A custom resource that you use to configure the control plane. For more information, see IstioOperator in the Istio docs.

M

mutual TLS
Anthos Service Mesh uses mutual TLS (mTLS) for authentication and encryption between services in the mesh. mTLS makes it possible for workloads to verify each other's identities and authenticate with each other. You might be familiar with simple TLS through its use in HTTPS to allow browsers to trust web servers and to encrypt the data that is exchanged. When simple TLS is used, the client establishes that the server can be trusted by validating its certificate. mTLS is an implementation of TLS in which both client and server present certificates to each other and verify each other's identities.

N

network
Anthos Service Mesh uses a simplified definition of network based on general connectivity. Workload instances are on the same network if they are able to communicate directly, without a gateway.

##

overlay file
A YAML file containing an IstioOperator custom resource (CR). You use overlay files to configure the control plane. You can override the default control plane configuration and enable Supported optional features in a YAML file that you pass to istioctl install or to the install_asm script. You can layer on more overlays, and each overlay file overrides the configuration on the previous layers. See Enabling optional features for the YAML that you can use to enable features that aren't enabled by default.

P

primary cluster
A primary cluster is a cluster with a control plane. A single mesh can have more than one primary cluster for high availability or to reduce latency. In the Istio 1.7 documentation, a multi-primary deployment is referred to as a replicated control plane.

R

remote cluster
A remote cluster is a cluster that connects to a control plane residing outside of the cluster. A remote cluster can connect to a control plane running in a primary cluster or to an external control plane.
revision
A revision represents a snapshot-in-time of application code version and configuration. When you install or upgrade Anthos Service Mesh, a revision label is added to istiod to identify the version. To enable automatic sidecar injection, you add the revision label to your namespaces and restart your Pods. You use the revision label to associate the pods in a namespace with a particular istiod revision, so that you can safely upgrade to a new control plane and rollback to the original revision in case of issues.

S

secure naming
Server identities are encoded in certificates, but service names are retrieved through the discovery service or DNS. The secure naming information maps the server identities to the service names. A mapping of identity A to service name B means "A is authorized to run service B". The control plane watches the apiserver, generates the secure naming mappings, and distributes them securely to the sidecar proxies.
service mesh
A service mesh or simply mesh is an infrastructure layer that enables managed, observable and secure communication between workload instances.
sidecar
A pattern for running a utility or helper alongside a workload. If you are using Kubernetes, sidecars run alongside the workload container in a pod. When discussing service mesh, the word "sidecar" is often used to refer to the proxy.

T

trust domain

Trust domain corresponds to the root of trust of a system and is part of a workload identity.

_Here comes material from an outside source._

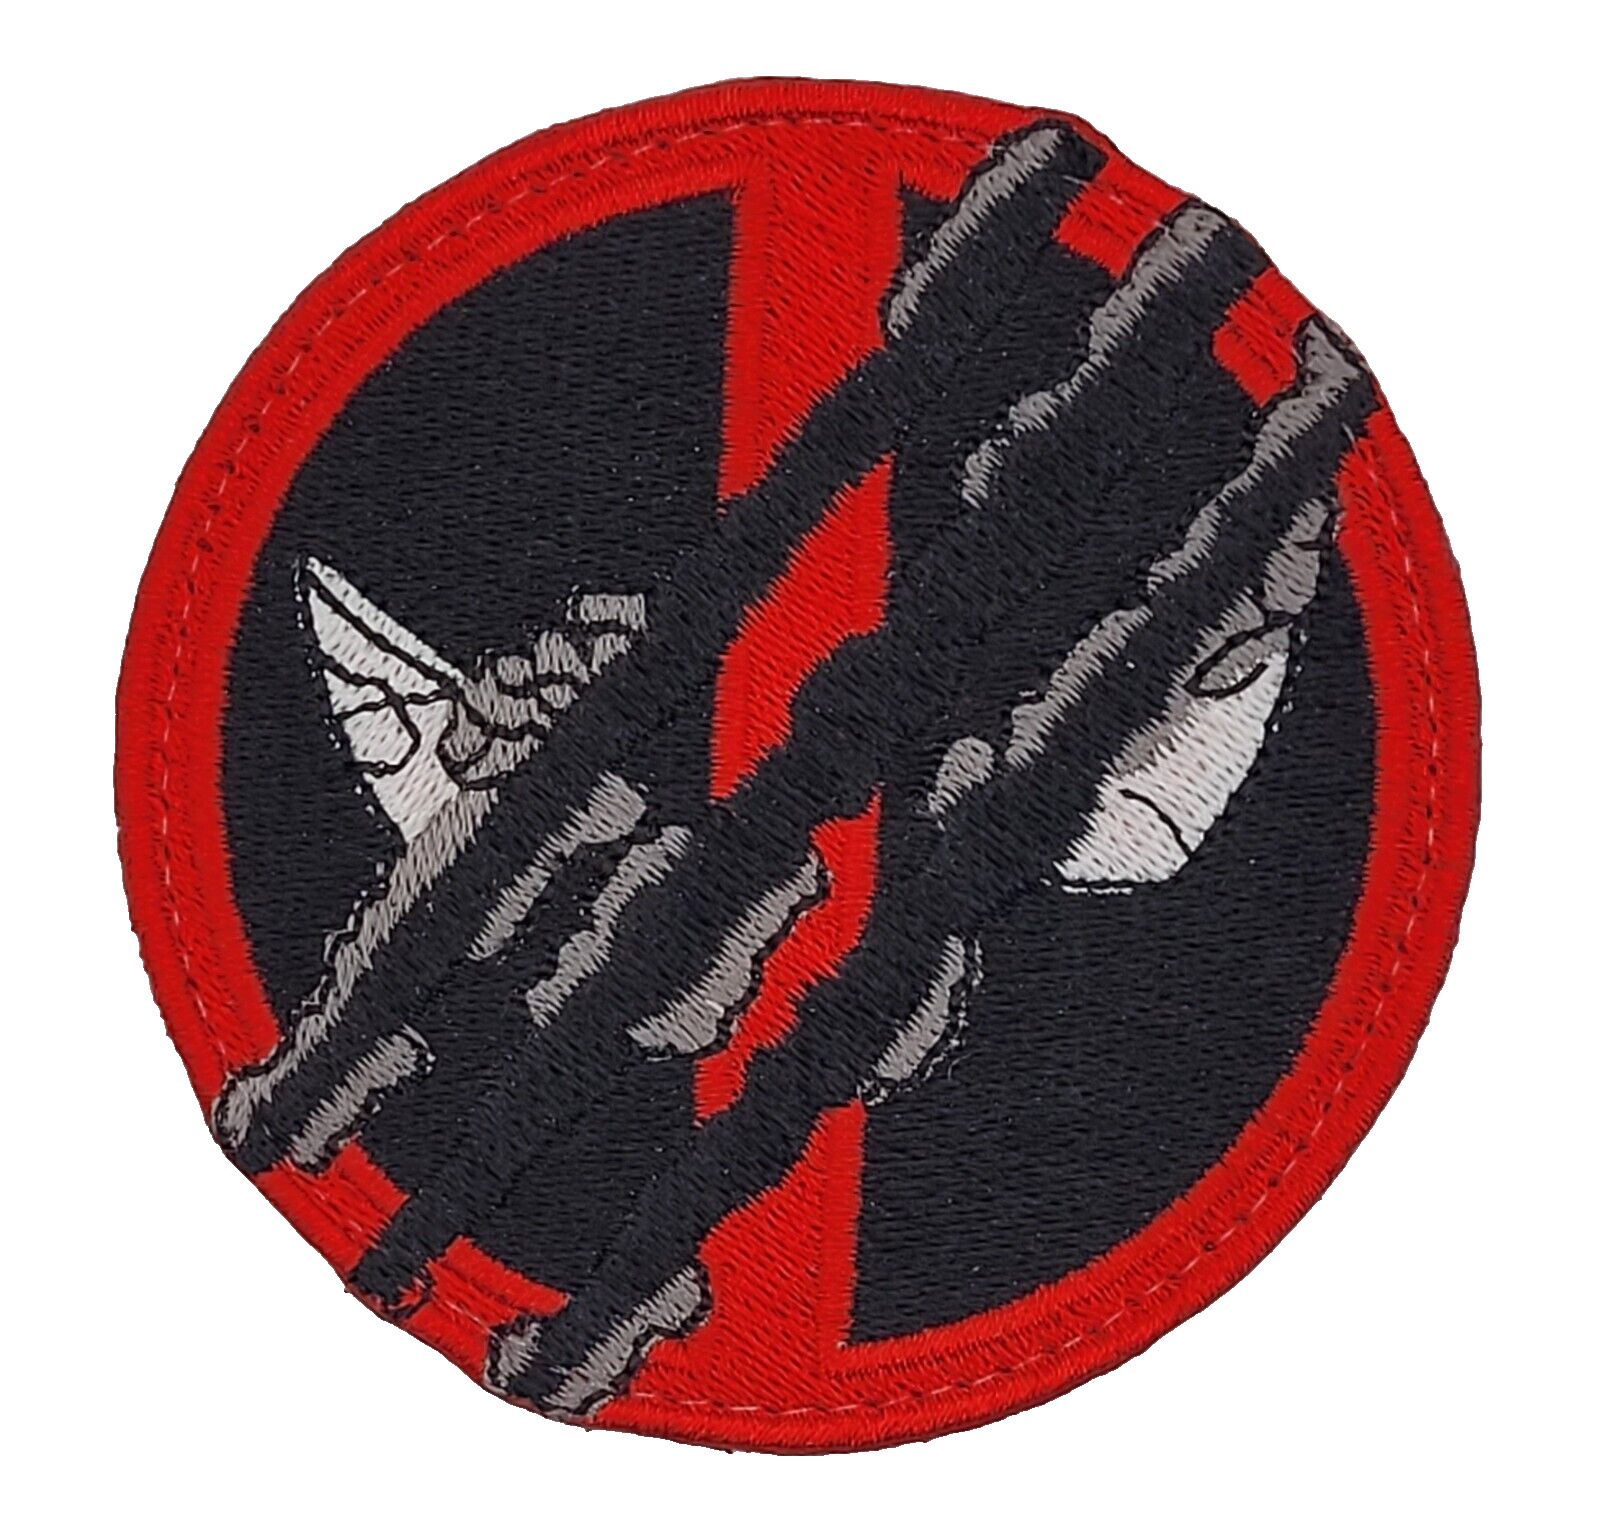 DEADPOOL 3 NEW EMBROIDERED HOOK PATCH 3.0 Inch

Anthos Service Mesh uses a trust domain to create all identities within a mesh. For example, in the SPIFFE ID spiffe://mytrustdomain.com/ns/default/sa/myname, the substring mytrustdomain.com specifies that the workload is from a trust domain called mytrustdomain.com.

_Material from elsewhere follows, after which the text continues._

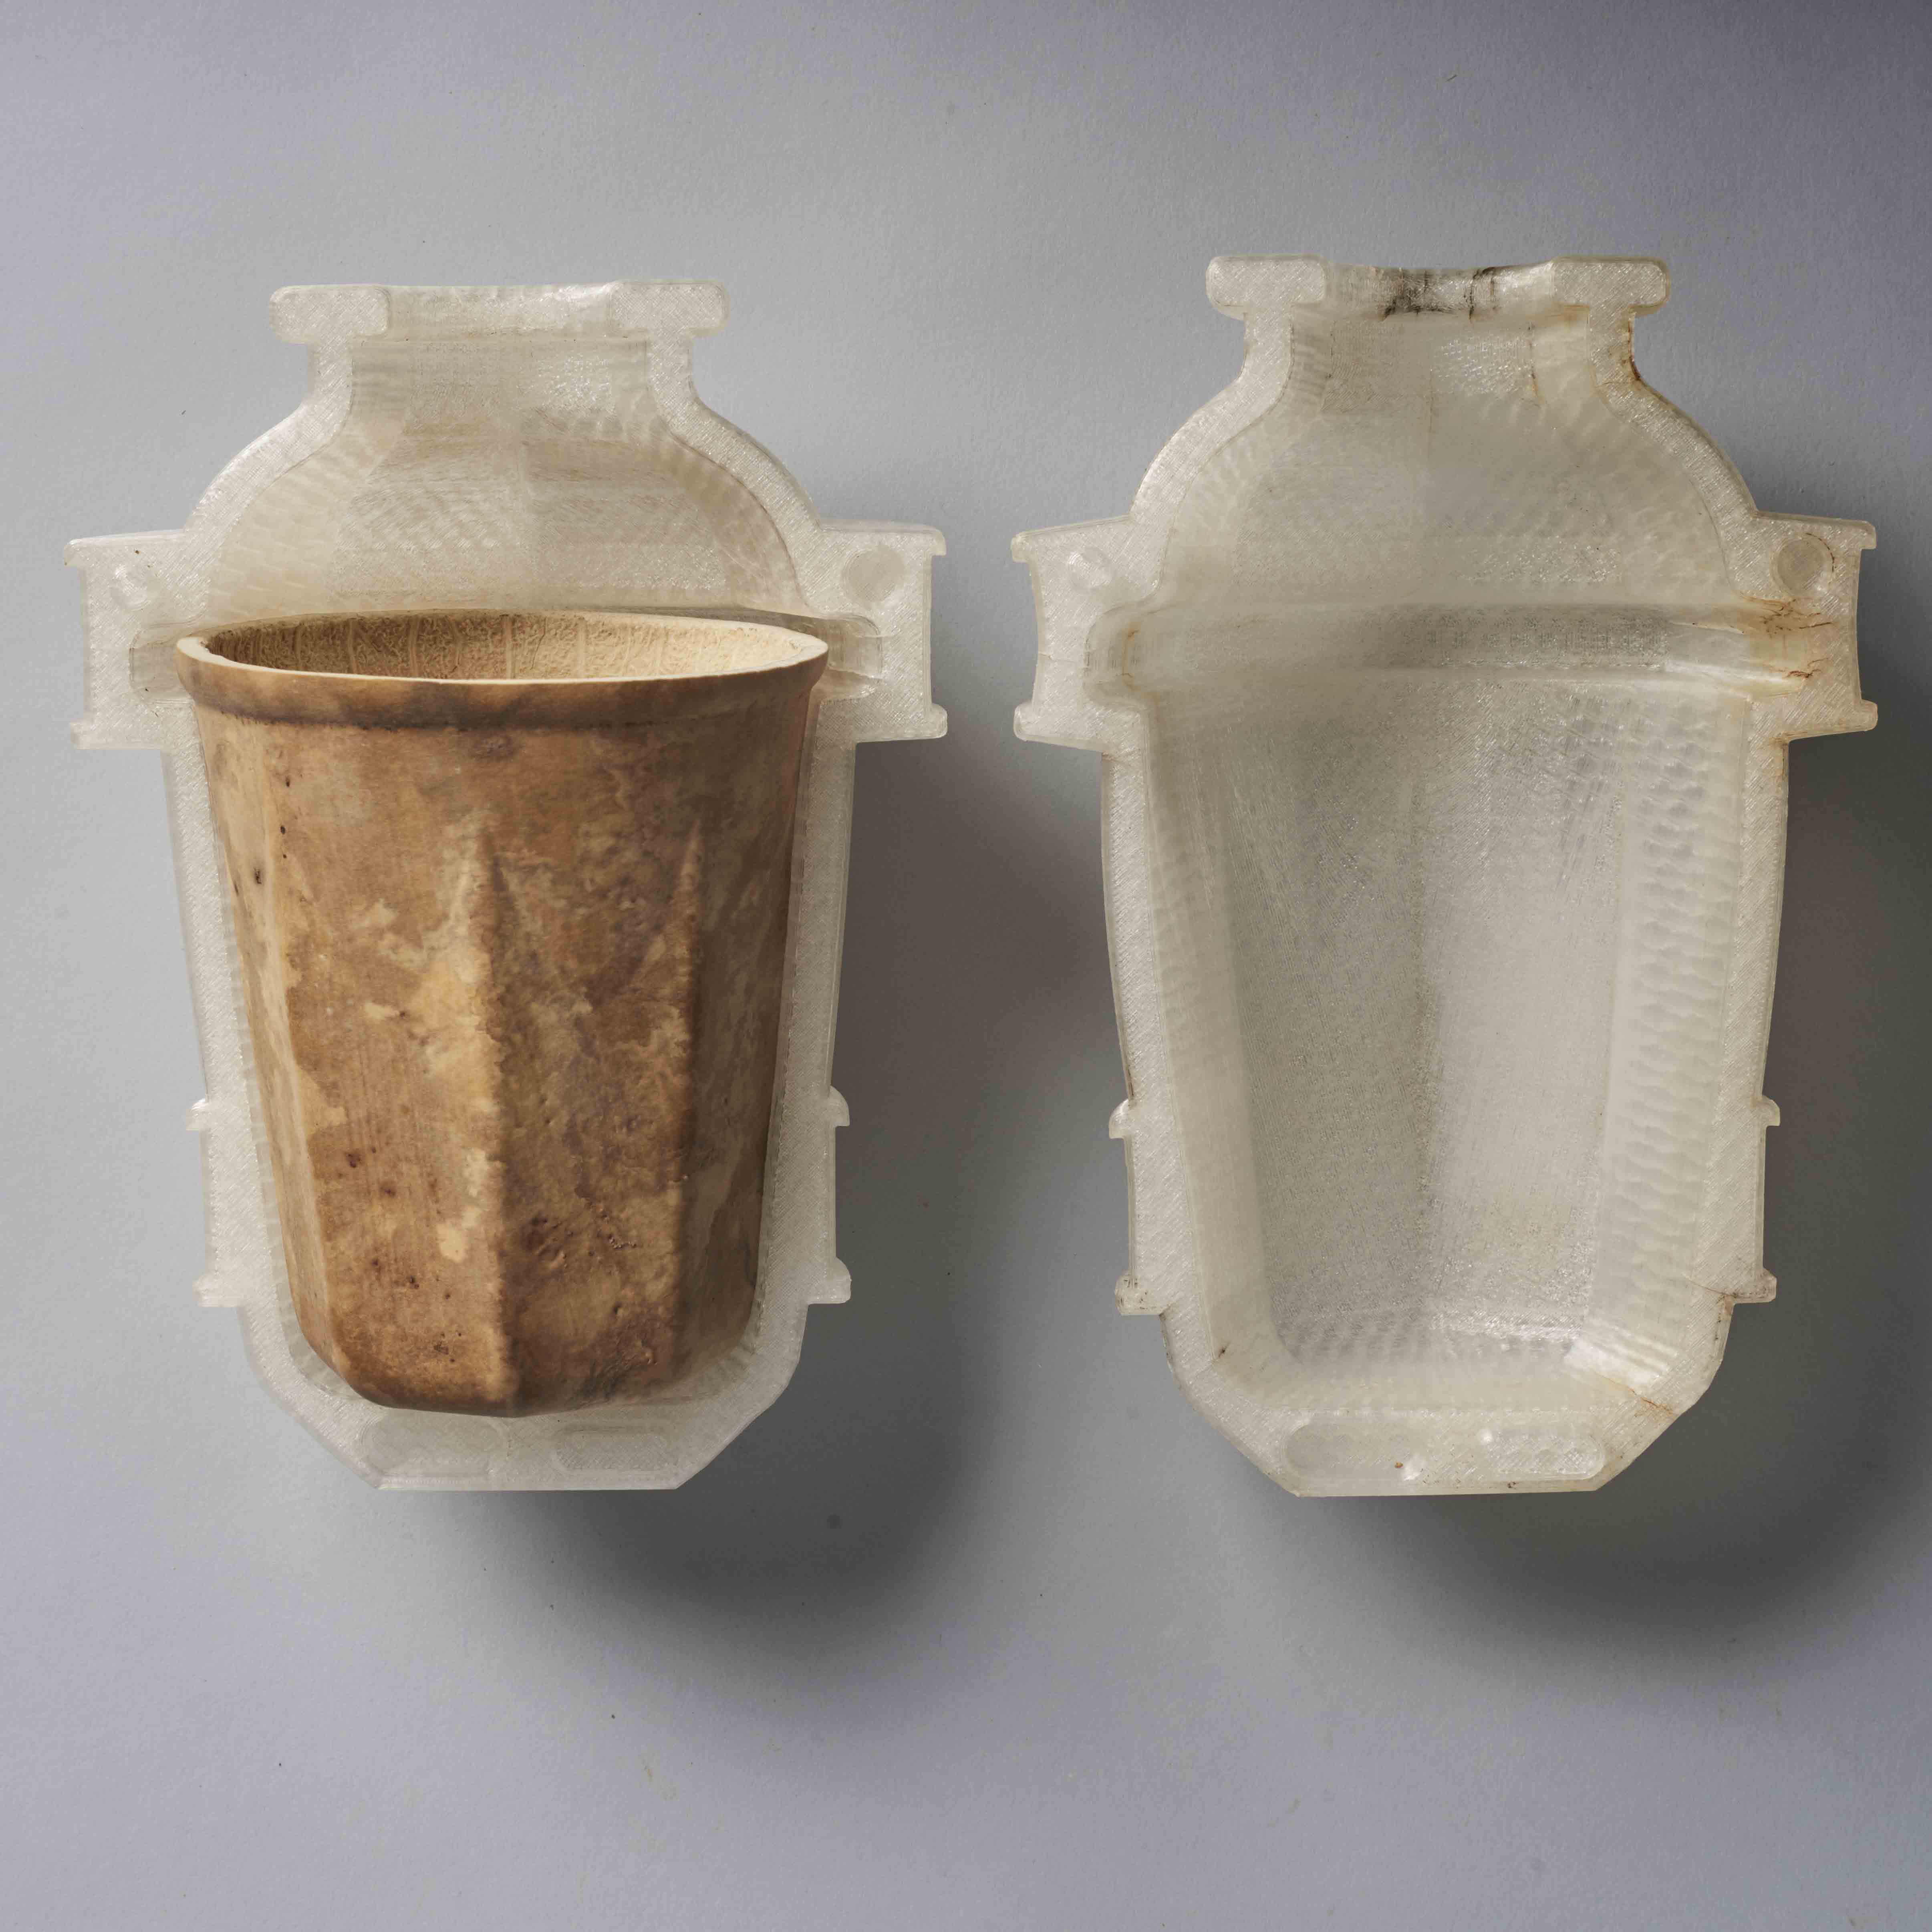 The biodegradable HyO-Cup in the 3D printed molds. Photo via CRÈME.

When using the Mesh CA, the trust domain is automatically generated by Anthos Service Mesh. It is based on the cluster's workload pool, in the form of project-id.svc.id.goog or project-id.hub.id.goog.

You can have one or more trust domains in a multi-cluster mesh, as long as the clusters share the same root of trust.

W

workload
A workload is a containerized application, service, or other program such as a batch job or daemon running on a platform. The platform could be a Kubernetes cluster, virtual machine, or another environment such as Google Distributed Cloud Virtual for Bare Metal. Workloads have names, namespaces, and unique ids. On Kubernetes, a workload typically corresponds to a Deployment, but there are other types of workloads, such as a StatefulSet.